I know that file can be used as query in diff

diff -q --from-file dir1/file dir2/file dir3/file; echo $?

How do I pipe the output of find to diff?

Possible duplicate of Storing output of command in shell variable — Dmitry Grigoryev, Oct 16 '15 at 12:26
@roaima Command substitution can be used in many scenarios, and I believe that diff $(find) is really the same as e.g. mkdir $(date), or var=$(pwd). Do you think those should be three separate questions? — Dmitry Grigoryev, Oct 16 '15 at 13:21
@Dmitry definitely not!

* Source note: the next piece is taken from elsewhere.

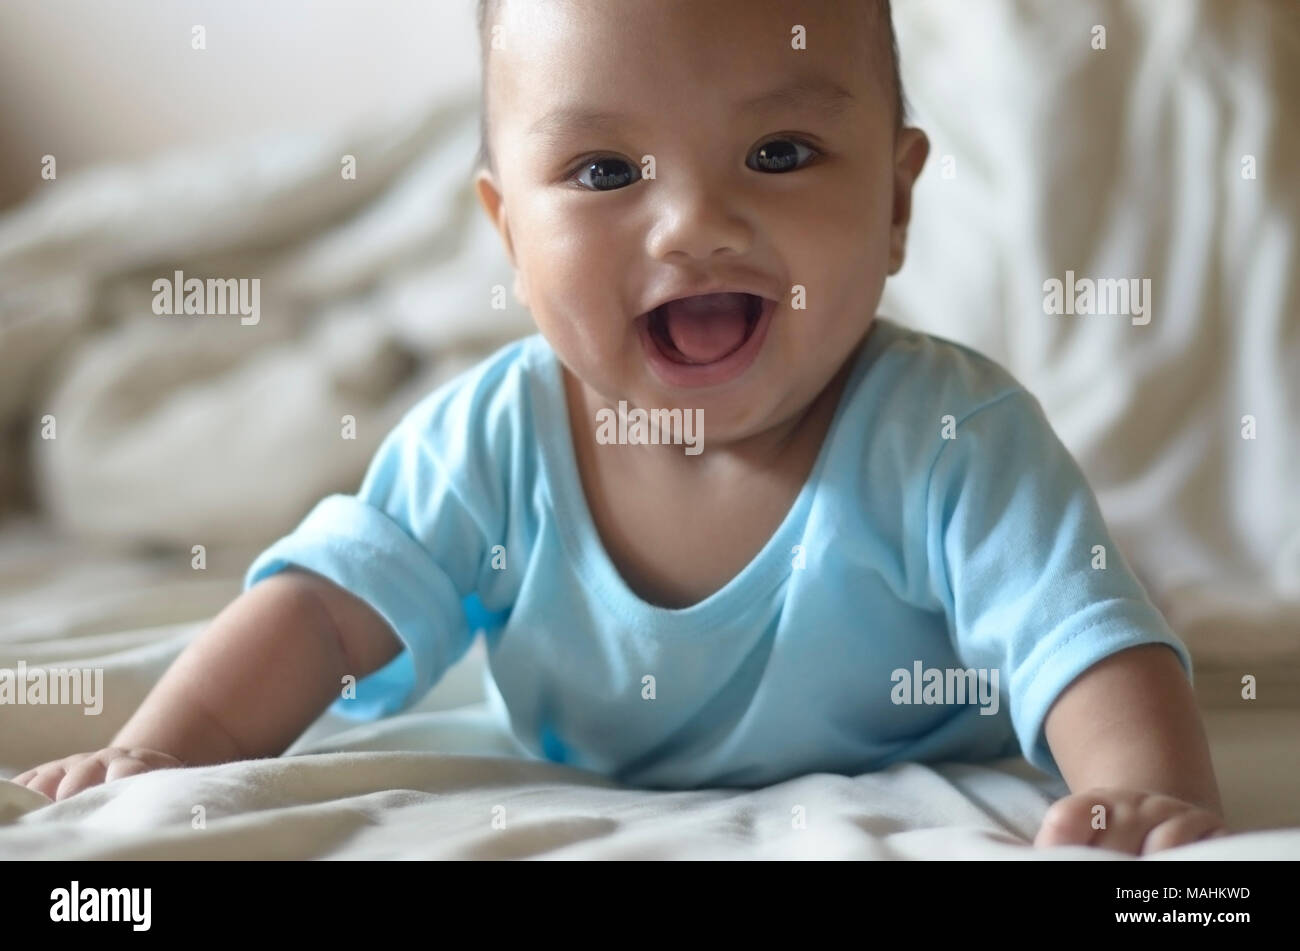 Der Fotograf eigenen Sohn fotografiert, wenn er 5 Monate alt war. Das Kind wird lächelnd in einem semi-bauchlage oder halb-liegend auf seinen Bauch. Stockfoto
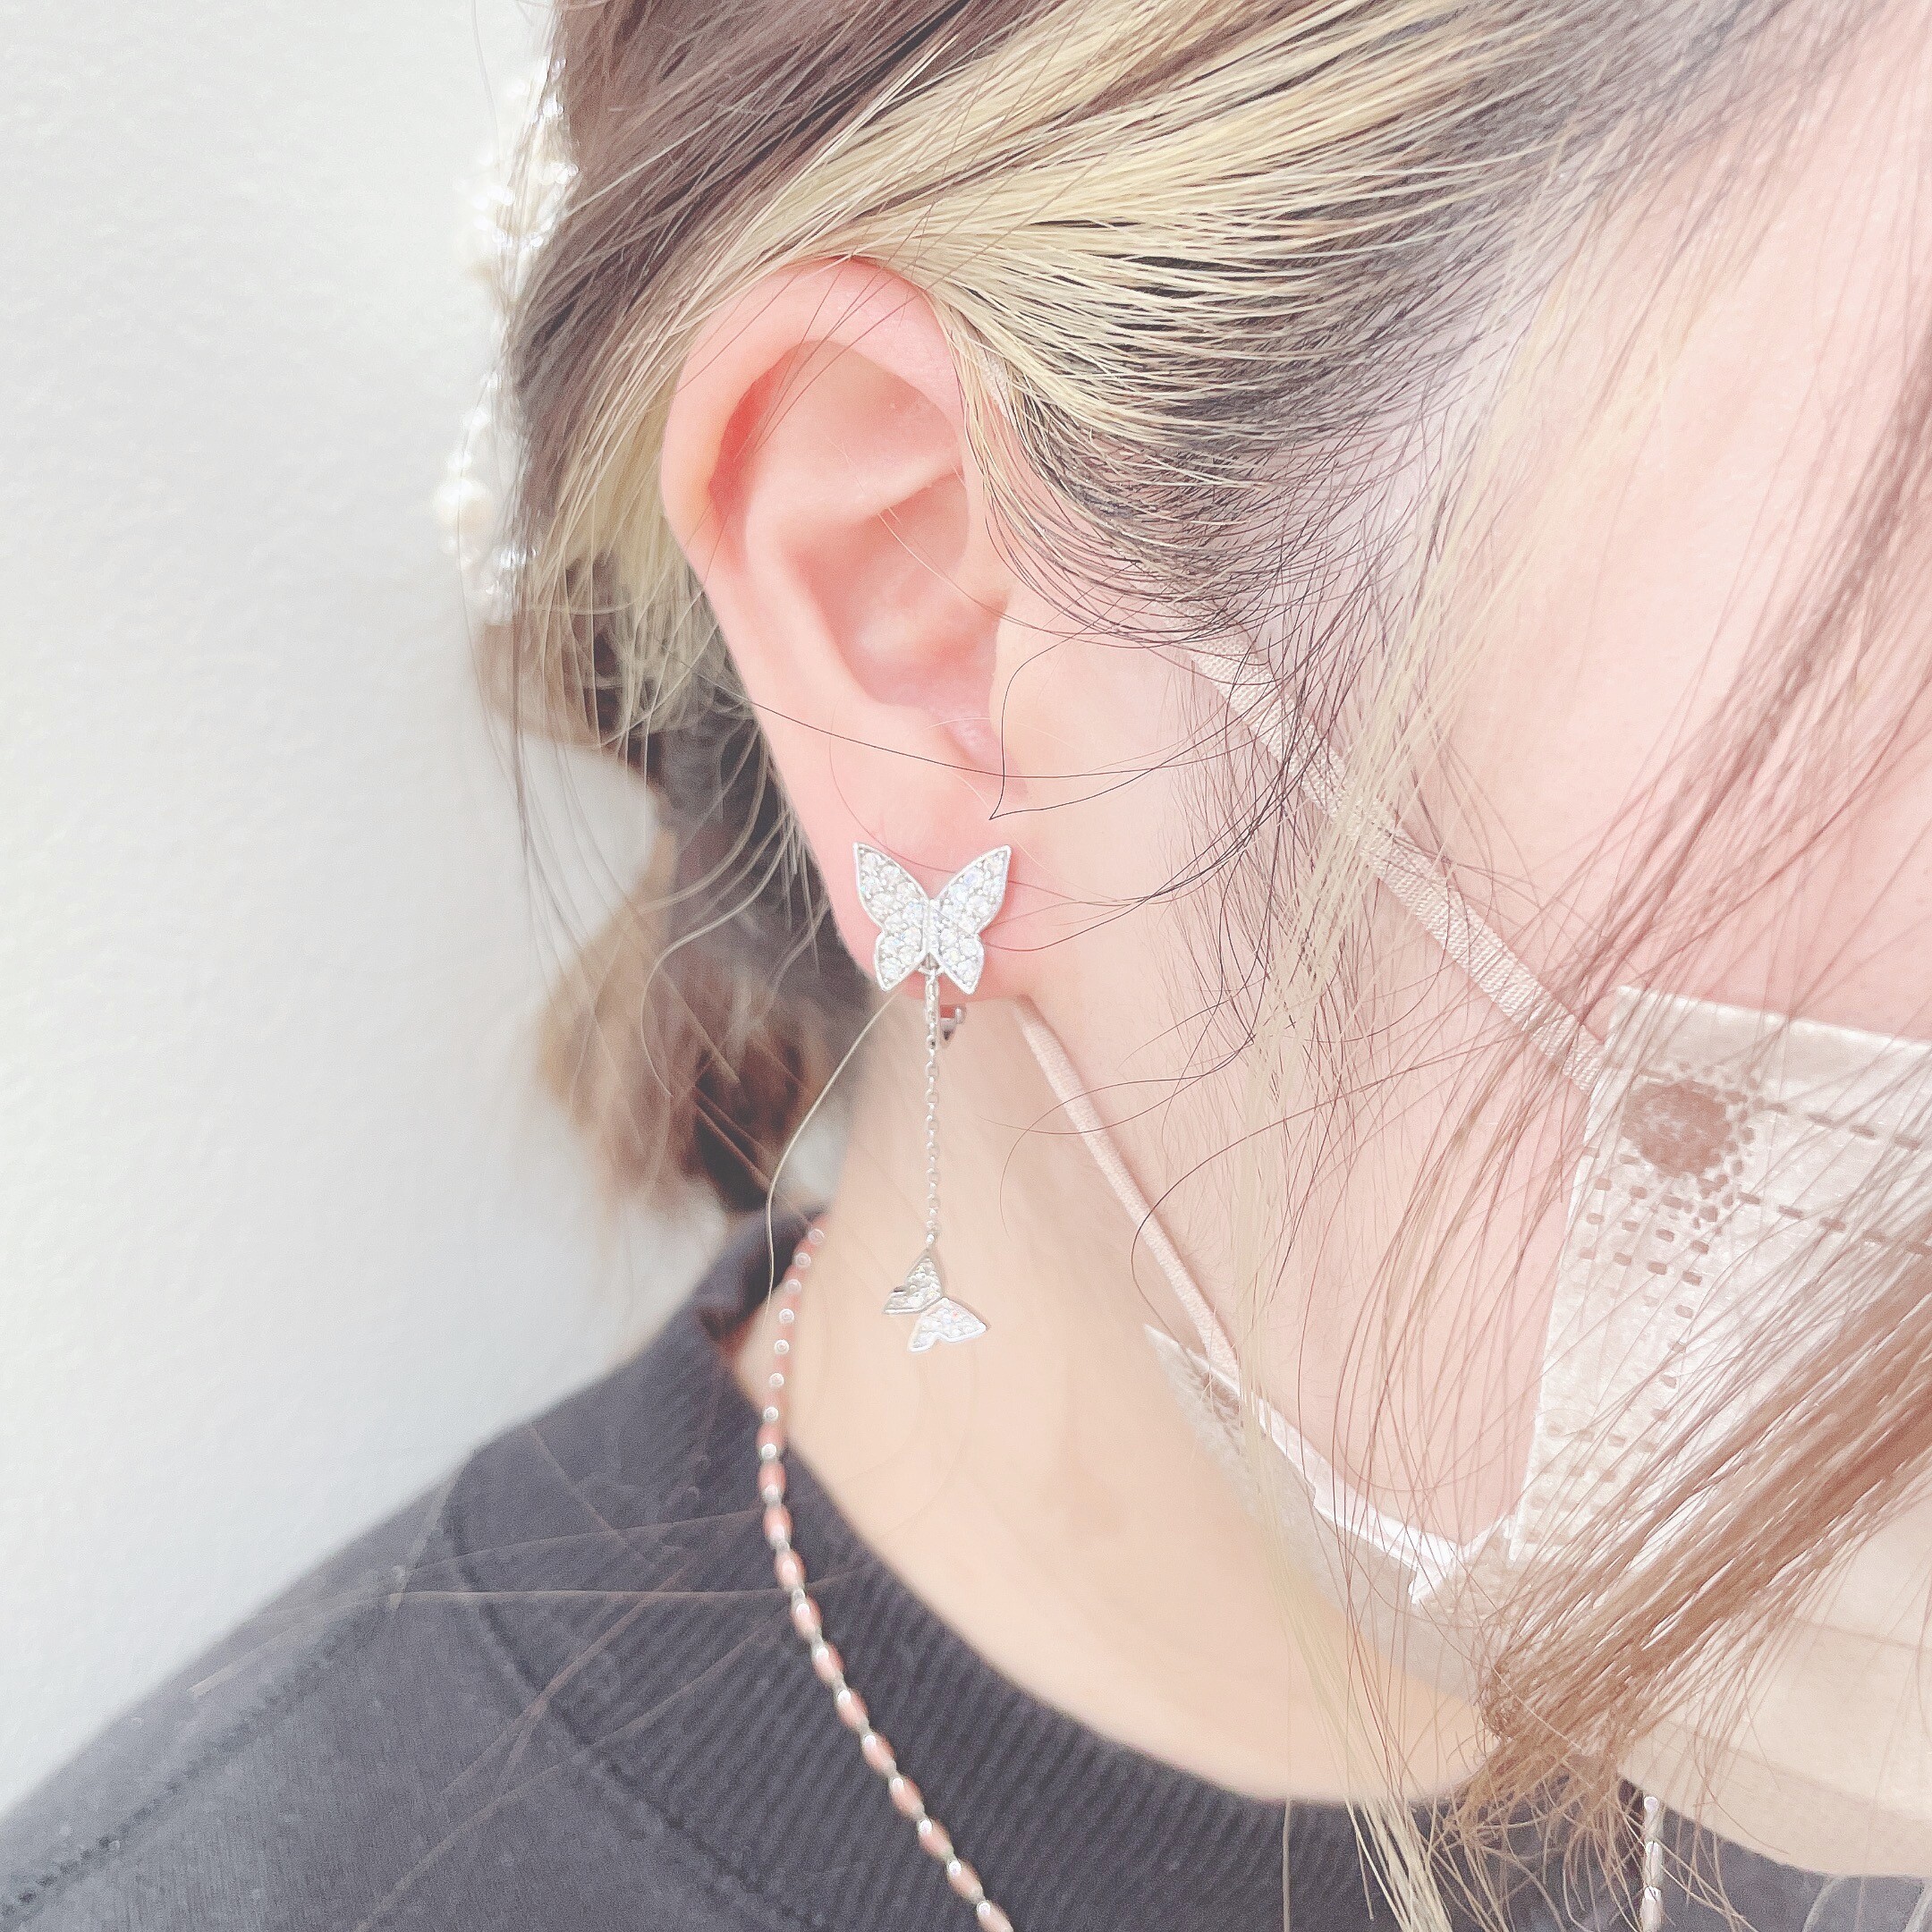 Butterfly earring 🦋𓈒𓂂𓏸

The potential complexity here is the correct handling of filenames containing spaces, etc., which doesn't lend itself cleanly to the diff $(...) style — Chris Davies, Oct 16 '15 at 14:52
@roaima That would be "why is my script failing on some files?" and I see no evidence of that in the question. — Dmitry Grigoryev, Oct 16 '15 at 15:07

score 8 · Accepted Answer · answered Oct 16 '15 at 09:47

The --from-file option allows you to compare one file against many files (rather than something like tar --files-from which reads a list of files to operate on from a file). It has an analogous --to-file, which of the two you use would depend on relative "direction" of the change. Since you're using -q which only says if there is a difference, this hopefully should not matter to you here.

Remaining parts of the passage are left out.